_What you need to do:_ Pictures are to be left out, and only the lines below starting at the one with "CHIN LANG AUTOPARTS CO., LTD." and ending at the one with "Deux lits jumeaux" are to be reproduced, each exactly, both ends included.

_Data records:_

━━━━━━━━━━

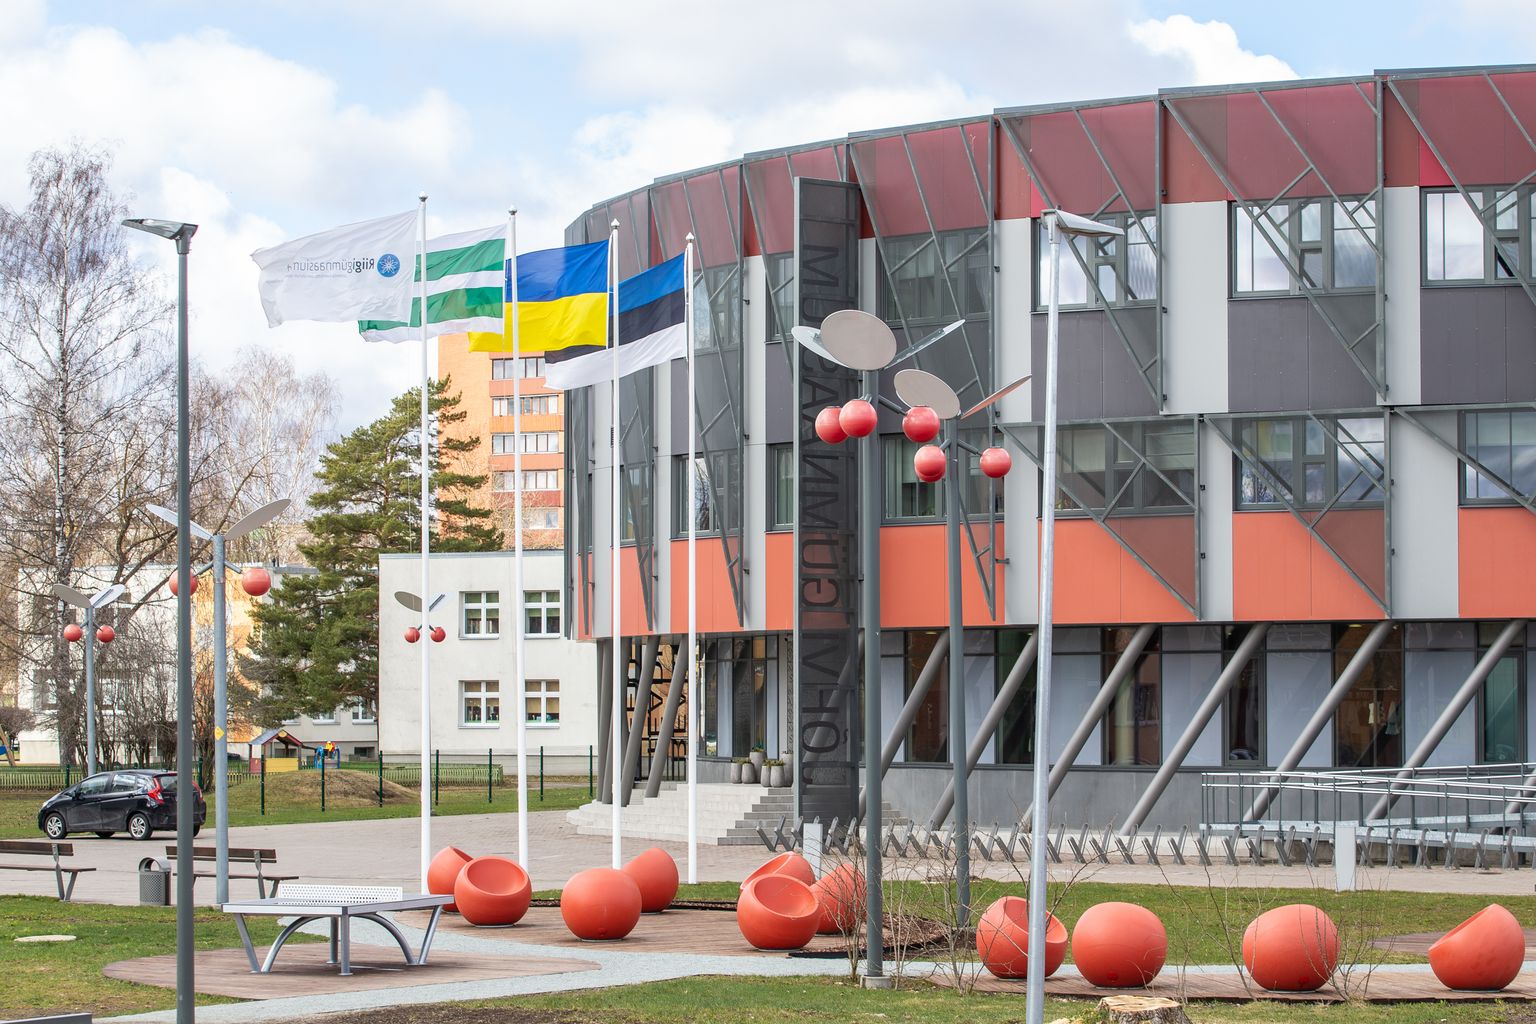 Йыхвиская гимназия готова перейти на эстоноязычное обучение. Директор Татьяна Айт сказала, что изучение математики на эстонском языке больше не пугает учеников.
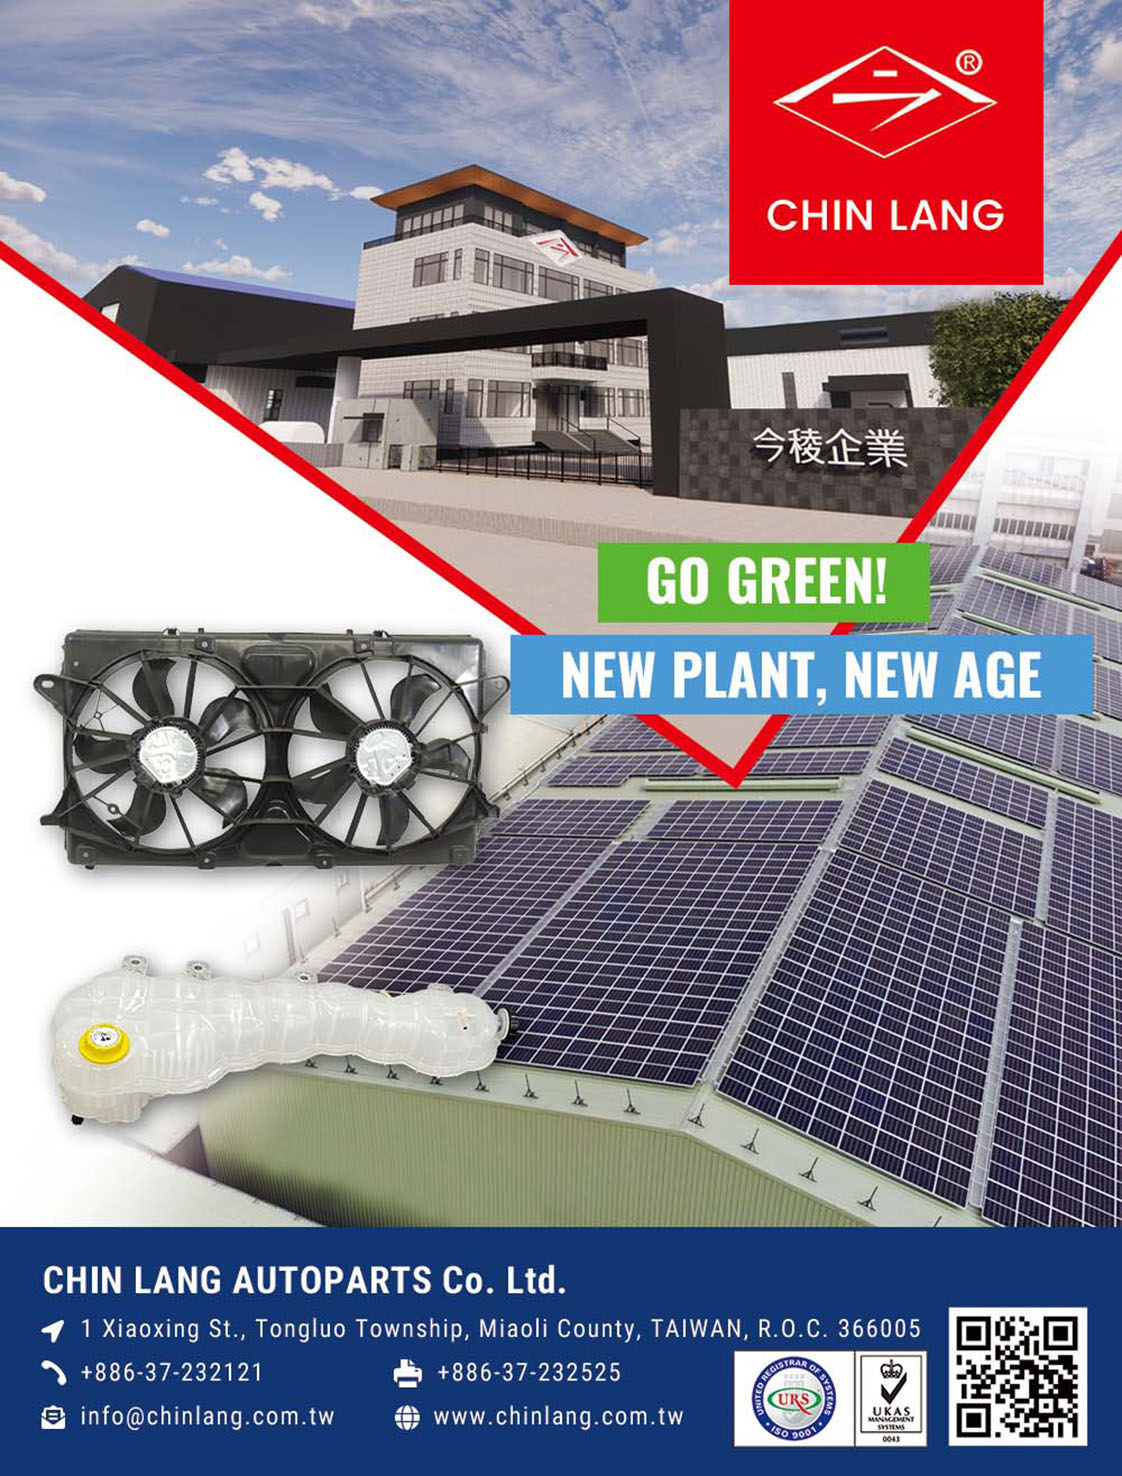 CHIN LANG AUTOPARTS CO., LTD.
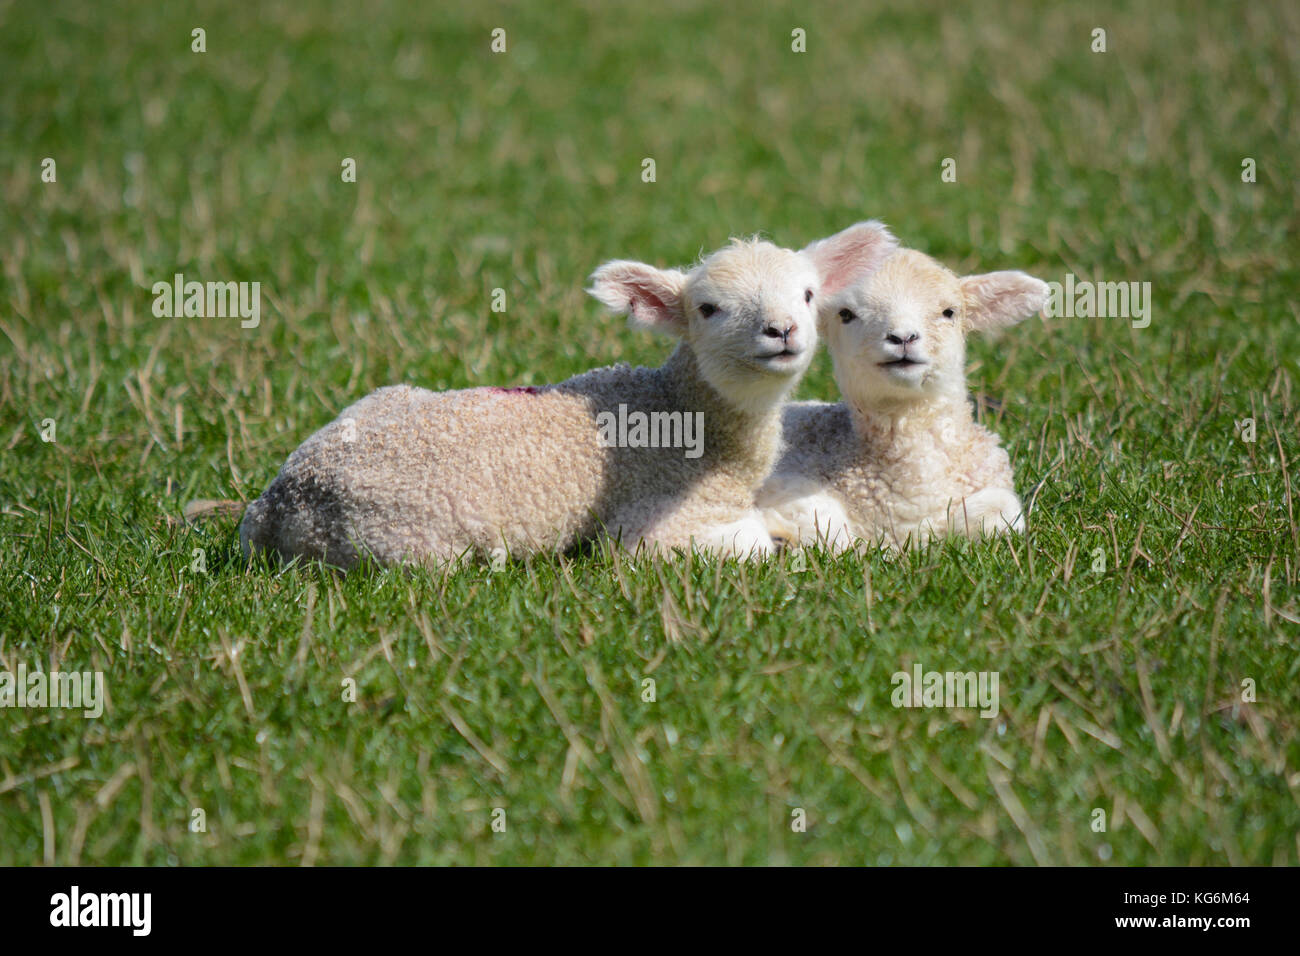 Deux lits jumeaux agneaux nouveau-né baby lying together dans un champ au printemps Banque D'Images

━━━━━━━━━━

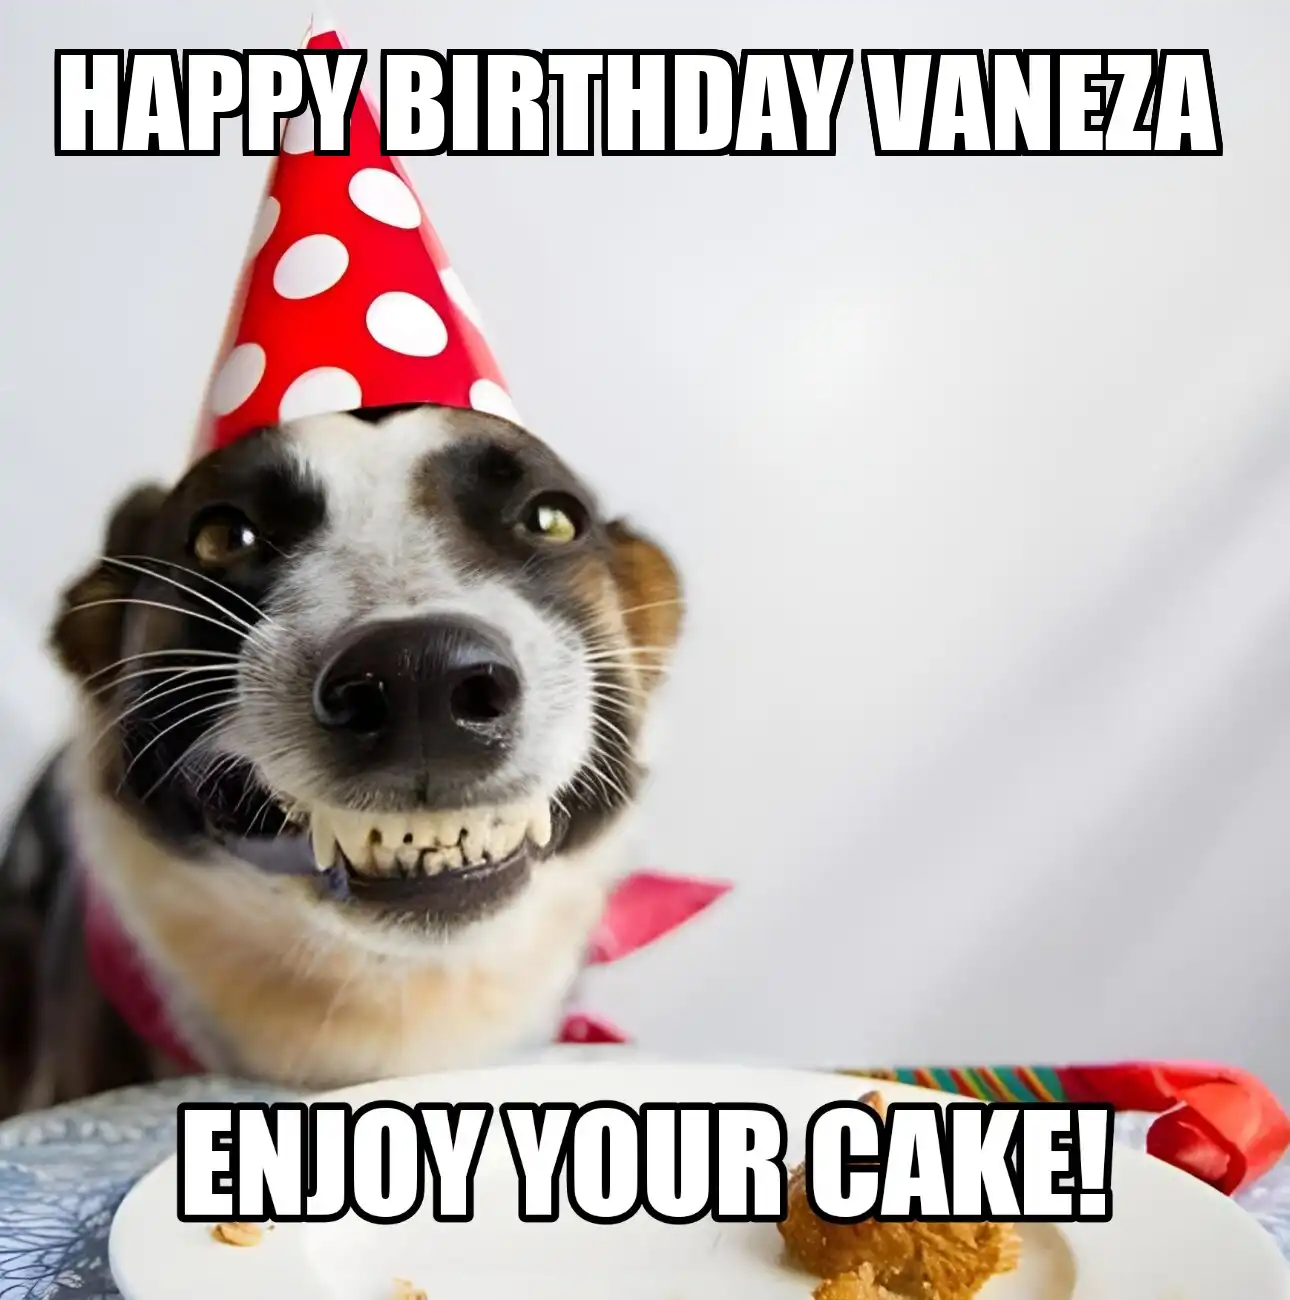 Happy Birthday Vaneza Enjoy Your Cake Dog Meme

━━━━━━━━━━

_Solution for this task:_
 CHIN LANG AUTOPARTS CO., LTD.
 Deux lits jumeaux agneaux nouveau-né baby lying together dans un champ au printemps Banque D'Images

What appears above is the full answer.